For more details, including benchmark evaluation, hardware requirements, and inference performance, please refer to our blog, GitHub, and Documentation.
Performance
Deepseek-V3-0324 | GPT-4o-0327 | Gemini-2.5-Flash Non-Thinking | Qwen3-235B-A22B Non-Thinking | Qwen3-30B-A3B Non-Thinking | Qwen3-30B-A3B-Instruct-2507 | |
---|---|---|---|---|---|---|
Knowledge | ||||||
MMLU-Pro | 81.2 | 79.8 | 81.1 | 75.2 | 69.1 | 78.4 |
MMLU-Redux | 90.4 | 91.3 | 90.6 | 89.2 | 84.1 | 89.3 |
GPQA | 68.4 | 66.9 | 78.3 | 62.9 | 54.8 | 70.4 |
SuperGPQA | 57.3 | 51.0 | 54.6 | 48.2 | 42.2 | 53.4 |
Reasoning | ||||||
AIME25 | 46.6 | 26.7 | 61.6 | 24.7 | 21.6 | 61.3 |
HMMT25 | 27.5 | 7.9 | 45.8 | 10.0 | 12.0 | 43.0 |
ZebraLogic | 83.4 | 52.6 | 57.9 | 37.7 | 33.2 | 90.0 |
LiveBench 20241125 | 66.9 | 63.7 | 69.1 | 62.5 | 59.4 | 69.0 |
Coding | ||||||
LiveCodeBench v6 (25.02-25.05) | 45.2 | 35.8 | 40.1 | 32.9 | 29.0 | 43.2 |
MultiPL-E | 82.2 | 82.7 | 77.7 | 79.3 | 74.6 | 83.8 |
Aider-Polyglot | 55.1 | 45.3 | 44.0 | 59.6 | 24.4 | 35.6 |
Alignment | ||||||
IFEval | 82.3 | 83.9 | 84.3 | 83.2 | 83.7 | 84.7 |
Arena-Hard v2* | 45.6 | 61.9 | 58.3 | 52.0 | 24.8 | 69.0 |
Creative Writing v3 | 81.6 | 84.9 | 84.6 | 80.4 | 68.1 | 86.0 |
WritingBench | 74.5 | 75.5 | 80.5 | 77.0 | 72.2 | 85.5 |
Agent | ||||||
BFCL-v3 | 64.7 | 66.5 | 66.1 | 68.0 | 58.6 | 65.1 |
TAU1-Retail | 49.6 | 60.3# | 65.2 | 65.2 | 38.3 | 59.1 |
TAU1-Airline | 32.0 | 42.8# | 48.0 | 32.0 | 18.0 | 40.0 |
TAU2-Retail | 71.1 | 66.7# | 64.3 | 64.9 | 31.6 | 57.0 |
TAU2-Airline | 36.0 | 42.0# | 42.5 | 36.0 | 18.0 | 38.0 |
TAU2-Telecom | 34.0 | 29.8# | 16.9 | 24.6 | 18.4 | 12.3 |
Multilingualism | ||||||
MultiIF | 66.5 | 70.4 | 69.4 | 70.2 | 70.8 | 67.9 |
MMLU-ProX | 75.8 | 76.2 | 78.3 | 73.2 | 65.1 | 72.0 |
INCLUDE | 80.1 | 82.1 | 83.8 | 75.6 | 67.8 | 71.9 |
PolyMATH | 32.2 | 25.5 | 41.9 | 27.0 | 23.3 | 43.1 |
*: For reproducibility, we report the win rates evaluated by GPT-4.1.

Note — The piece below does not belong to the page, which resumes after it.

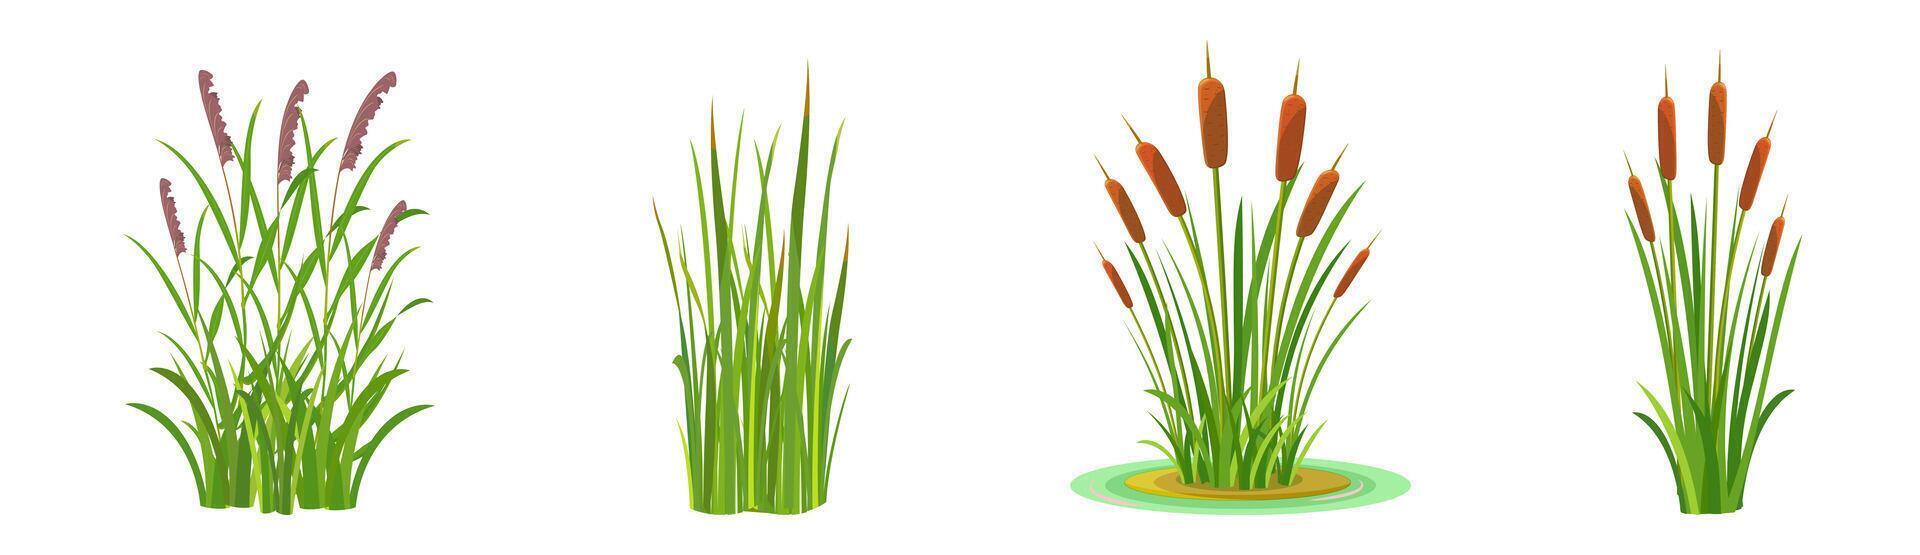 Elements of grass and cattail with reeds on a white background. Tall aquatic vegetation. marsh plants. vector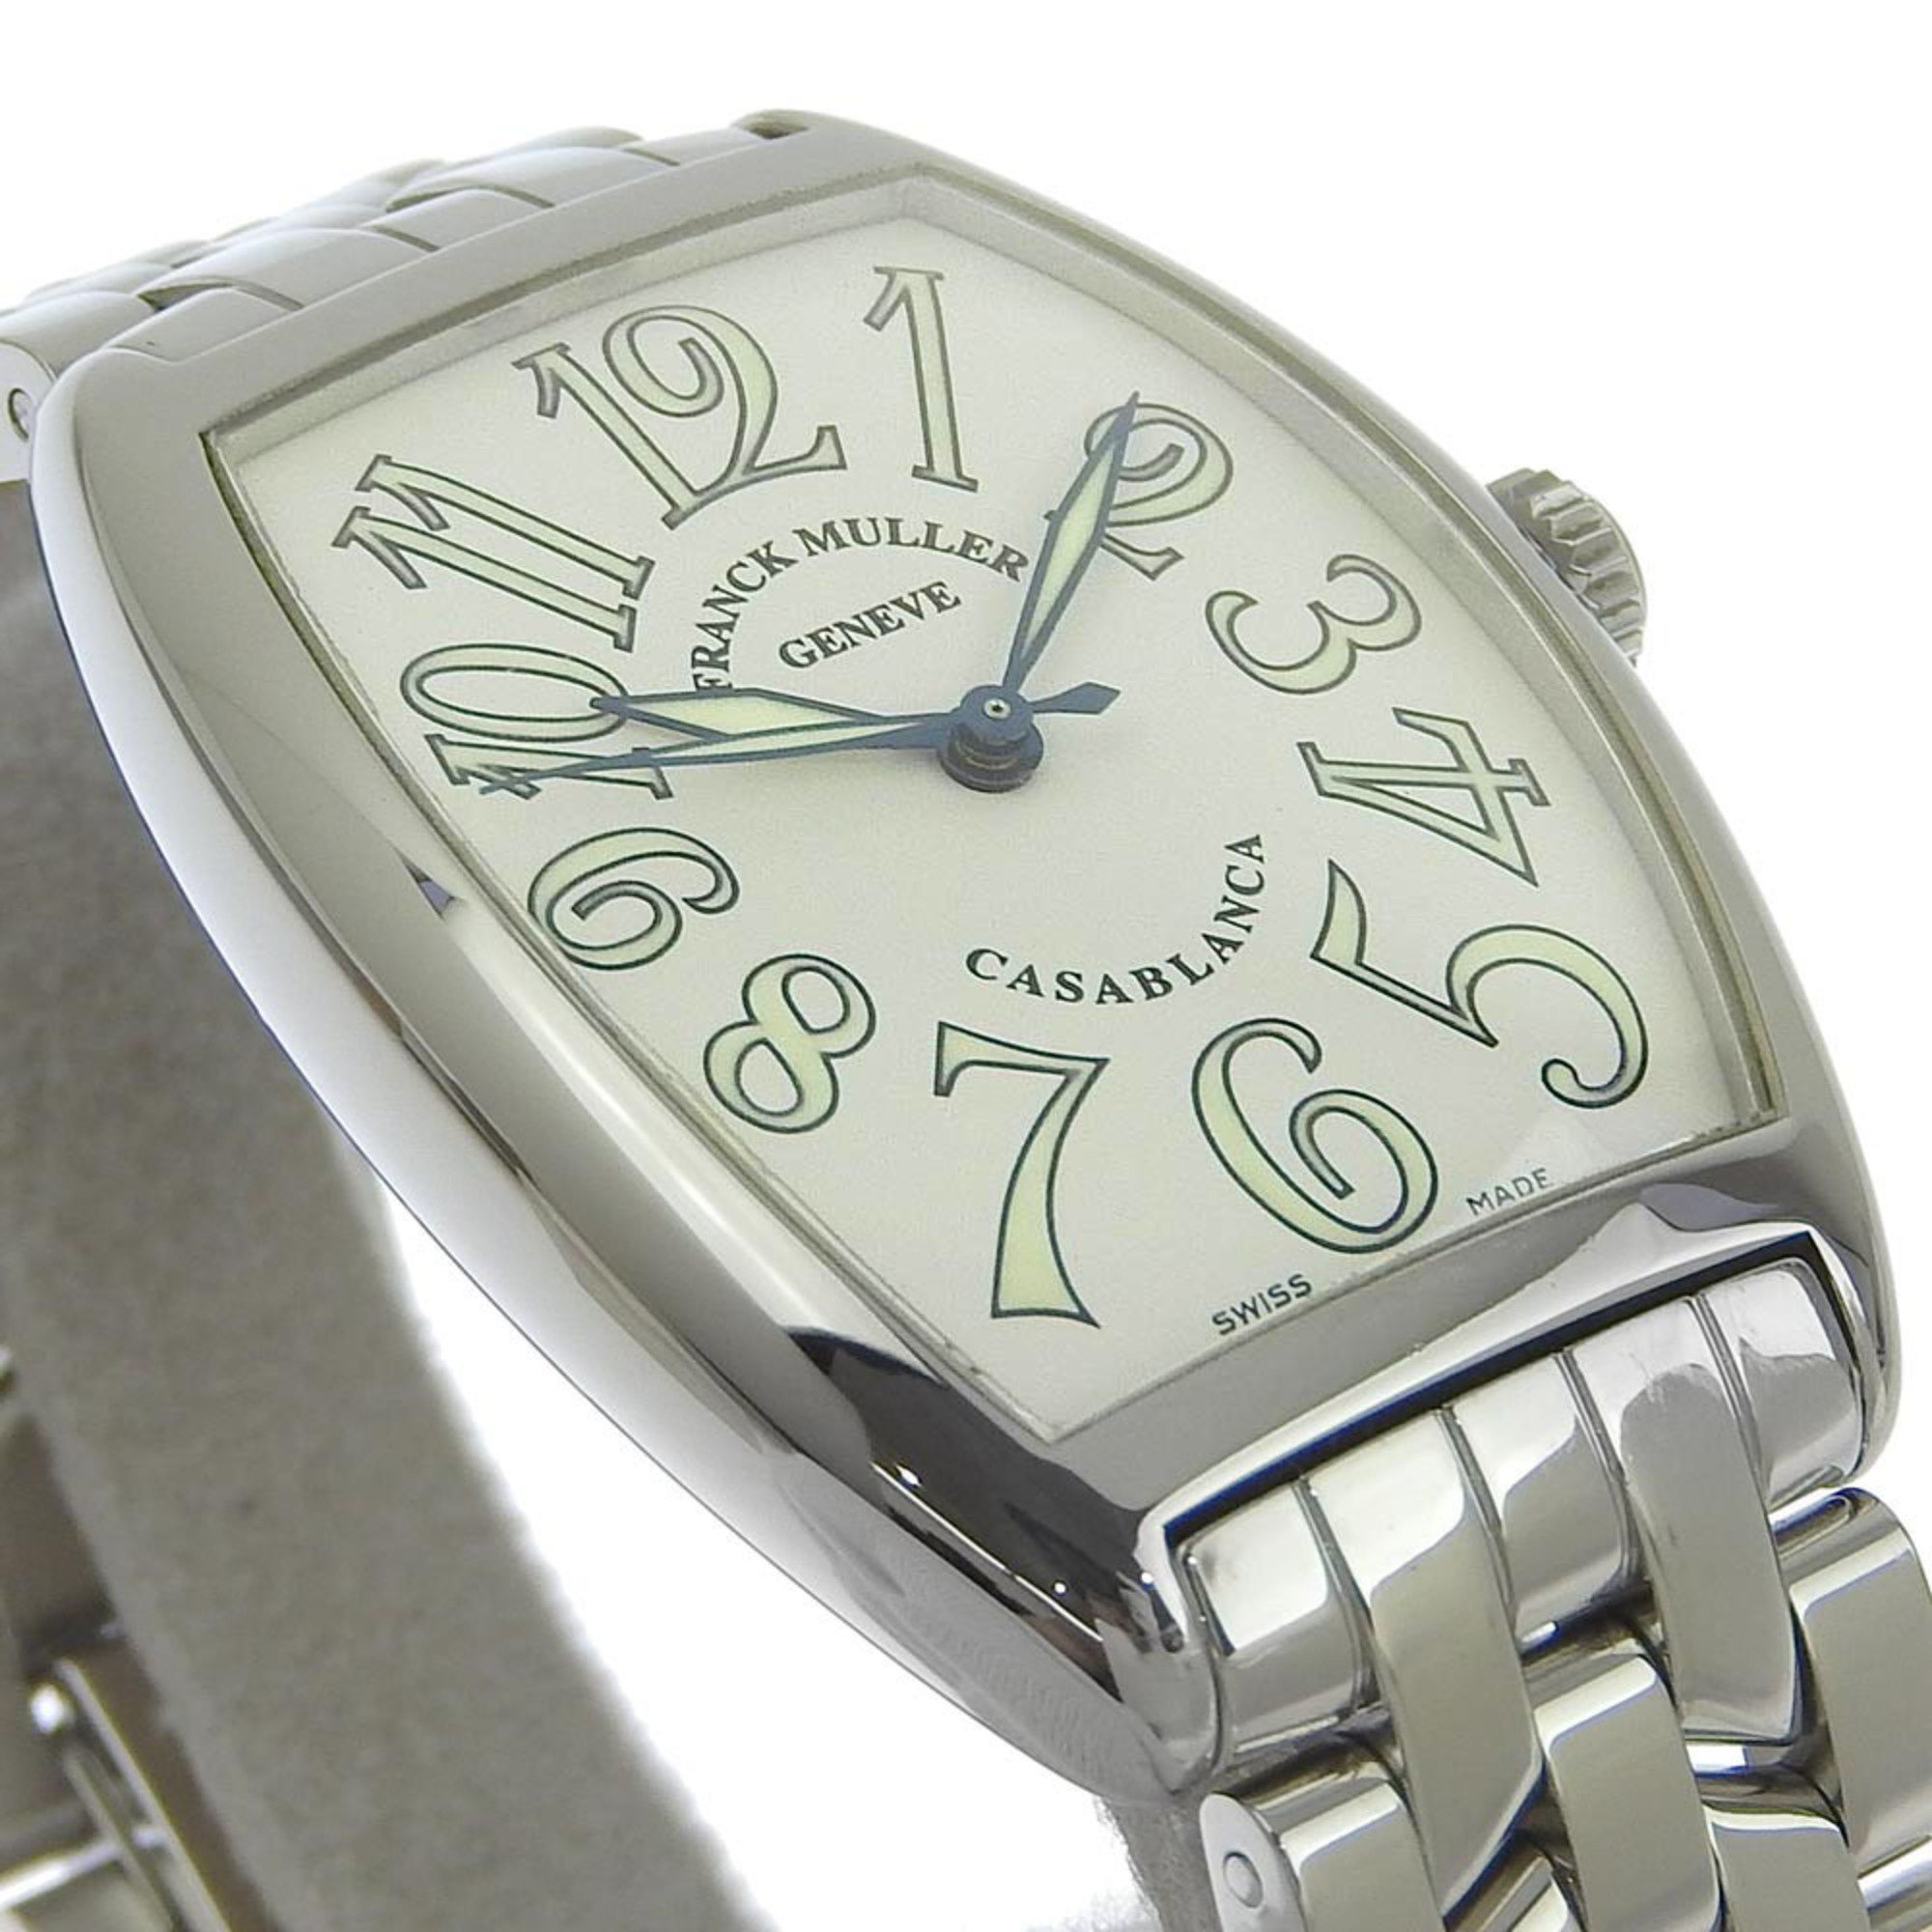 FRANCK MULLER Franck Muller Casablanca watch 2852 stainless steel silver automatic winding men's white dial

#: Results were generated using GPT-4o-20241120, as access to the native function calling API of GPT-4o-0327 was unavailable.
Quickstart
The code of Qwen3-MoE has been in the latest Hugging Face transformers
and we advise you to use the latest version of transformers
.
With transformers<4.51.0
, you will encounter the following error:
KeyError: 'qwen3_moe'
The following contains a code snippet illustrating how to use the model generate content based on given inputs.
from transformers import AutoModelForCausalLM, AutoTokenizer
model_name = "Qwen/Qwen3-30B-A3B-Instruct-2507"
# load the tokenizer and the model
tokenizer = AutoTokenizer.from_pretrained(model_name)
model = AutoModelForCausalLM.from_pretrained(
model_name,
torch_dtype="auto",
device_map="auto"
)
# prepare the model input
prompt = "Give me a short introduction to large language model."
messages = [
{"role": "user", "content": prompt}
]
text = tokenizer.apply_chat_template(
messages,
tokenize=False,
add_generation_prompt=True,
)
model_inputs = tokenizer([text], return_tensors="pt").to(model.device)
# conduct text completion
generated_ids = model.generate(
**model_inputs,
max_new_tokens=16384
)
output_ids = generated_ids[0][len(model_inputs.input_ids[0]):].tolist()
content = tokenizer.decode(output_ids, skip_special_tokens=True)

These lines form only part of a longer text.